Quit writing SQL. Find answers faster. Tired of building dashboards and writing SQL queries for colleagues? PostHog enables teams to get answers by themselves quickly and easily, without needing to write any code. And it can be deployed on your own infrastructure, which is nice. PostHog offers everything product-led teams need to grow, including funnel analysis, session recordings and feature flags — all in one platform, all without SQL. Deploy PostHog today for free.

‍

Data Science Articles & Videos

‍

58 Ways to Visualize Alice in Wonderland
How many ways are there to visualize a book?...Ever so curious, I decided to find out. To come up with some kind of method to search broadly, I picked one book, Lewis Carroll’s Alice’s Adventures in Wonderland and decided to find all the possible visualizations that might pop-up on Google/Bing text search, image search, scholar search. I found more than 40!...

AI and Financial Services Industry Brief
The spike in demand since the onset of COVID-19 for digital services from grocery delivery to banking has catalyzed a reimagining of the digital infrastructure we will need to power our post-pandemic world. In this brief you will learn where researchers lead the charge in identifying opportunities and pitfalls in deploying AI in financial services. Their work sheds light on how integrating AI can make financial services and their delivery more inclusive, accessible, and effective...

The Opportunity within AMTRAK: America’s Railroad
Using interactive Tableau maps to locate Amtrak’s future customers...

Towards a Theory of Justice for Artificial Intelligence
This paper explores the relationship between artificial intelligence and principles of distributive justice. Drawing upon the political philosophy of John Rawls, it holds that the basic structure of society should be understood as a composite of socio-technical systems, and that the operation of these systems is increasingly shaped and influenced by AI. As a consequence, egalitarian norms of justice apply to the technology when it is deployed in these contexts. These norms entail that the relevant AI systems must meet a certain standard of public justification, support citizens rights, and promote substantively fair outcomes -- something that requires specific attention be paid to the impact they have on the worst-off members of society...
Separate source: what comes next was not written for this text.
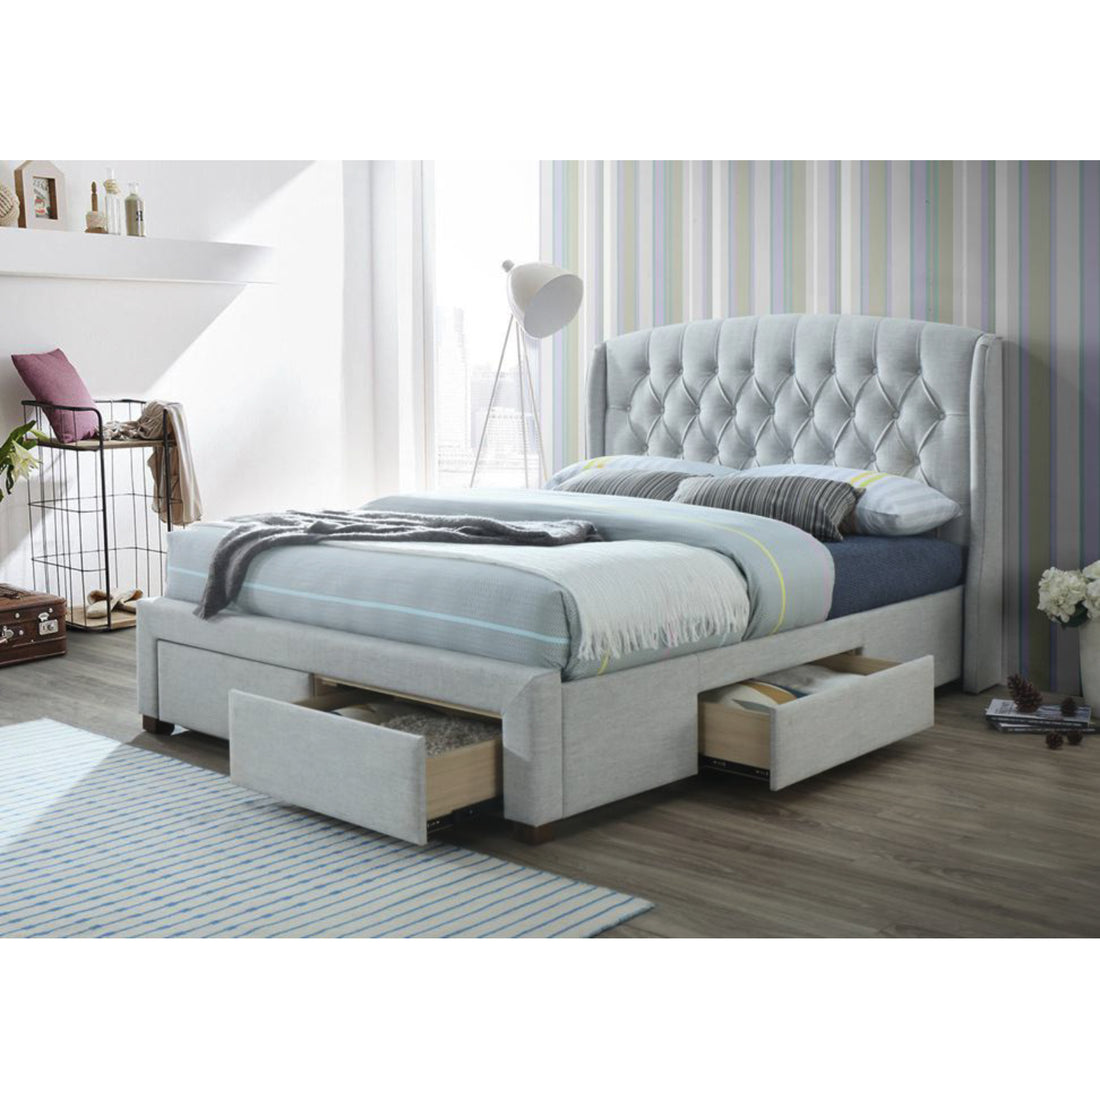 Honeydew King Size Bed Frame Timber Mattress Base With Storage Drawers - Beige

From Machine Learning to Robotics: Challenges and Opportunities for Embodied Intelligence
Contrary to viewing embodied intelligence as another application domain for machine learning, here we argue that it is in fact a key driver for the advancement of machine learning technology. In this article our goal is to highlight challenges and opportunities that are specific to embodied intelligence and to propose research directions which may significantly advance the state-of-the-art in robot learning...

Explaining Machine Learning Models: A Non-Technical Guide to Interpreting SHAP Analyses
With interpretability becoming an increasingly important requirement for machine learning projects, there's a growing need to communicate the complex outputs of model interpretation techniques to non-technical stakeholders. SHAP (SHapley Additive exPlanations) is arguably the most powerful method for explaining how machine learning models make predictions, but the results from SHAP analyses can be non-intuitive to those unfamiliar with the approach...For data scientists, this guide outlines a structured approach for presenting the results from a SHAP analysis, and how to explain the recommended plots to an audience unfamiliar with SHAP....

Canonical Capsules: Self-Supervised Capsules in Canonical Pose
We propose an unsupervised capsule architecture for 3D point clouds. We compute capsule decompositions of objects through permutation-equivariant attention, and self-supervise the process by training with pairs of randomly rotated objects. Our key idea is to aggregate the attention masks into semantic keypoints, and use these to supervise a decomposition that satisfies the capsule invariance/equivariance properties...

Dense Vectors: Capturing Meaning with Code
There is perhaps no greater contributor to the success of modern Natural Language Processing (NLP) technology than vector representations of language. The meteoric rise of NLP was ignited with the introduction of word2vec in 2013...Word2vec is one of the most iconic and earliest examples of dense vectors representing text. But since the days of word2vec, developments in representing language have advanced at ludicrous speeds...This article will explore why we use dense vectors — and some of the best approaches to building dense vectors available today...

Rliable: Better Evaluation for Reinforcement Learning - A Visual Explanation
It is critical for Reinforcement Learning (RL) practitioners to properly evaluate and compare results. Reporting results with poor comparison leads to a progress mirage and may underestimate the stochasticity of the results. To this end, Deep RL at the Edge of the Statistical Precipice (Neurips Oral) provides recommendations for a more rigorous evaluation of DeepRL algorithms. The paper comes with an open-source library named rliable...This blog post is meant to be a visual explanation of the tools used by the rliable library to better evaluate and compare RL algorithms...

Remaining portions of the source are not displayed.